Ribosomes are molecule complexes consisting of hundreds of thousands of atoms. They are divided into two subunits. In protein biosynthesis, ribosomes translate genetic information into proteins. This process is known as translation. Proteins assume many tasks in organisms and are responsible for the entire metabolic process. Venkatraman Ramakrishnan’s research has contributed to the understanding of translation. Using x-ray structural analysis, he investigated the ribosomes of the bacteria Thermus thermophilus and – in the same year as the Israeli structural biologist Ada Yonath – decoded the smaller subunit’s structure. At almost the exact same time, American biochemist Thomas Steitz published the first crystal structure of the larger subunit. The knowledge gained by the three researchers has contributed to the understanding of protein creation – one of the basic life processes.
In his further research work, Ramakrishnan investigated the ribosome subunit’s binding to various antibiotics. Many of the antibiotic substances latch on to the bacteria's ribosomes and inhibit these. However, the increase in antibiotic resistance is a challenge for medicine. Only a few substances are still available as reserve antibiotics. Ramakrishnan and his colleagues hope that their research will help to develop a new generation of antibiotics which can more specifically inhibit the protein synthesis of bacteria ribosomes and thus cause less resistance.

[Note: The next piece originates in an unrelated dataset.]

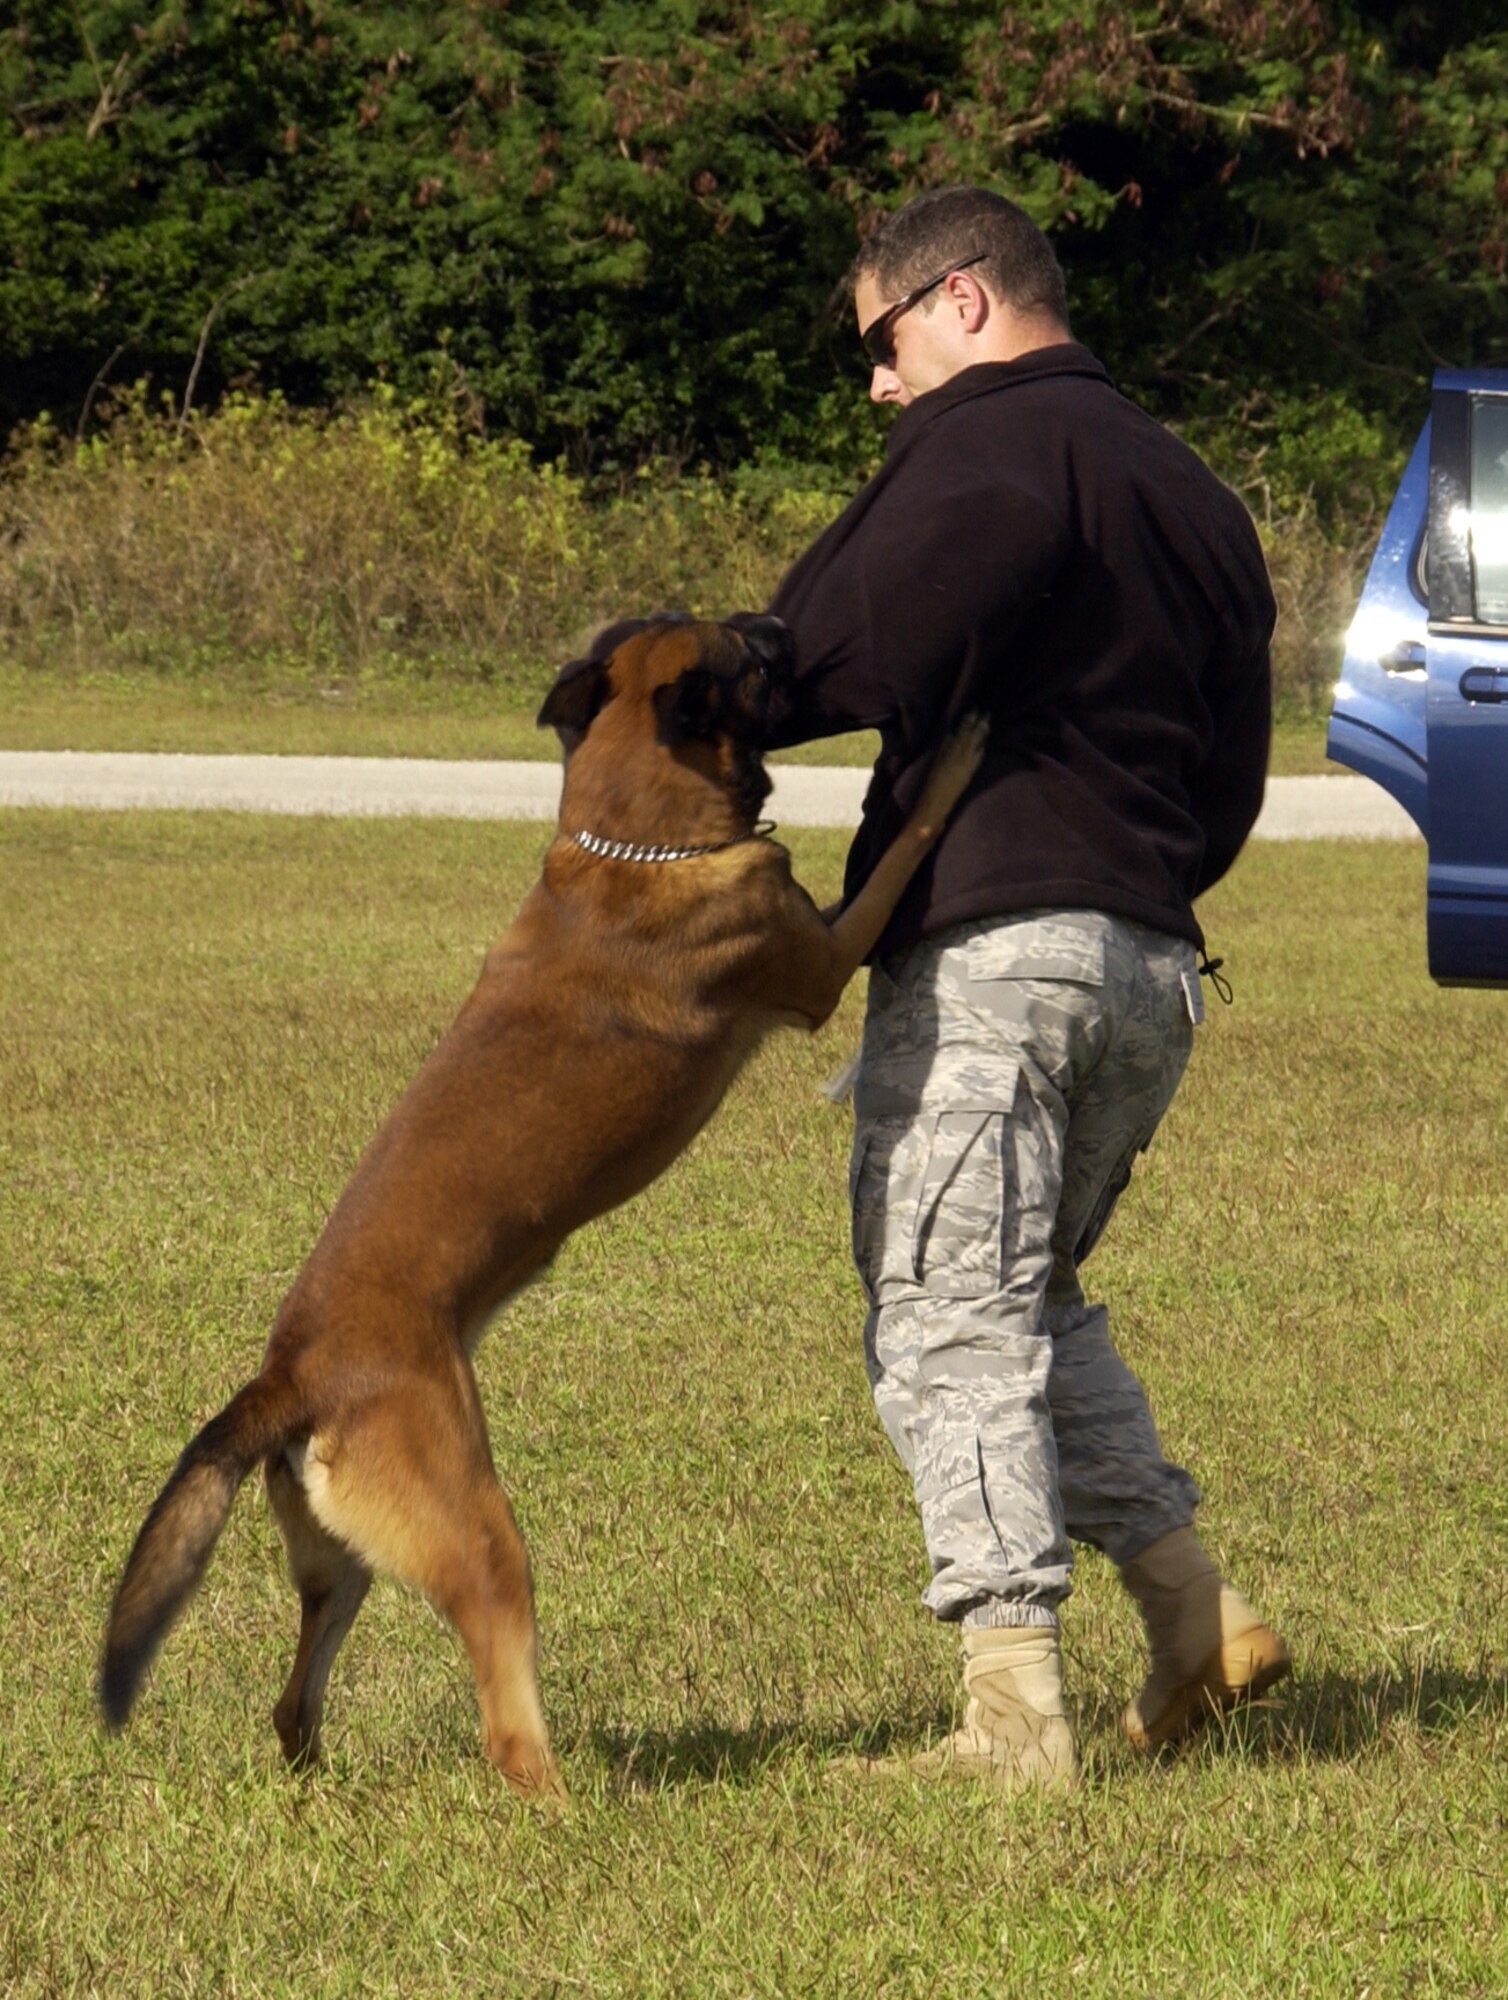 ANDERSEN AIR FORCE BASE, Guam -- Military working dog, "Baby" Carlos stops Staff Sgt. William Townsend, a 36th Security Forces Squadron dog handler acting as a perpetrator, after the suspect becomes uncooperative during a high-risk traffic stop scenario in a MWD competition here Feb. 2. The competition was first time “Baby” Carlos, a newcomer to Andersen, performed before an audience. (U.S. Air Force photo by Airman 1st Class Carissa Wolff)

Over the last years Venkatraman Ramakrishnan’s work group has focused on exploring which factors start the translation process in a protein’s genetic information. The researcher was able to identify at least twelve factors that bind to the small subunit of the ribosome and thus give the starting signal for the ribosome to read the mRNA step by step. The better researchers understand the regular translation pathway, the earlier they will be able to detect the fatal deregulation that can result in tumour diseases or neuronal degeneration. Alongside x-ray structural analysis, high-resolution electron microscopy provides biochemistry with deeper insights into the translation process.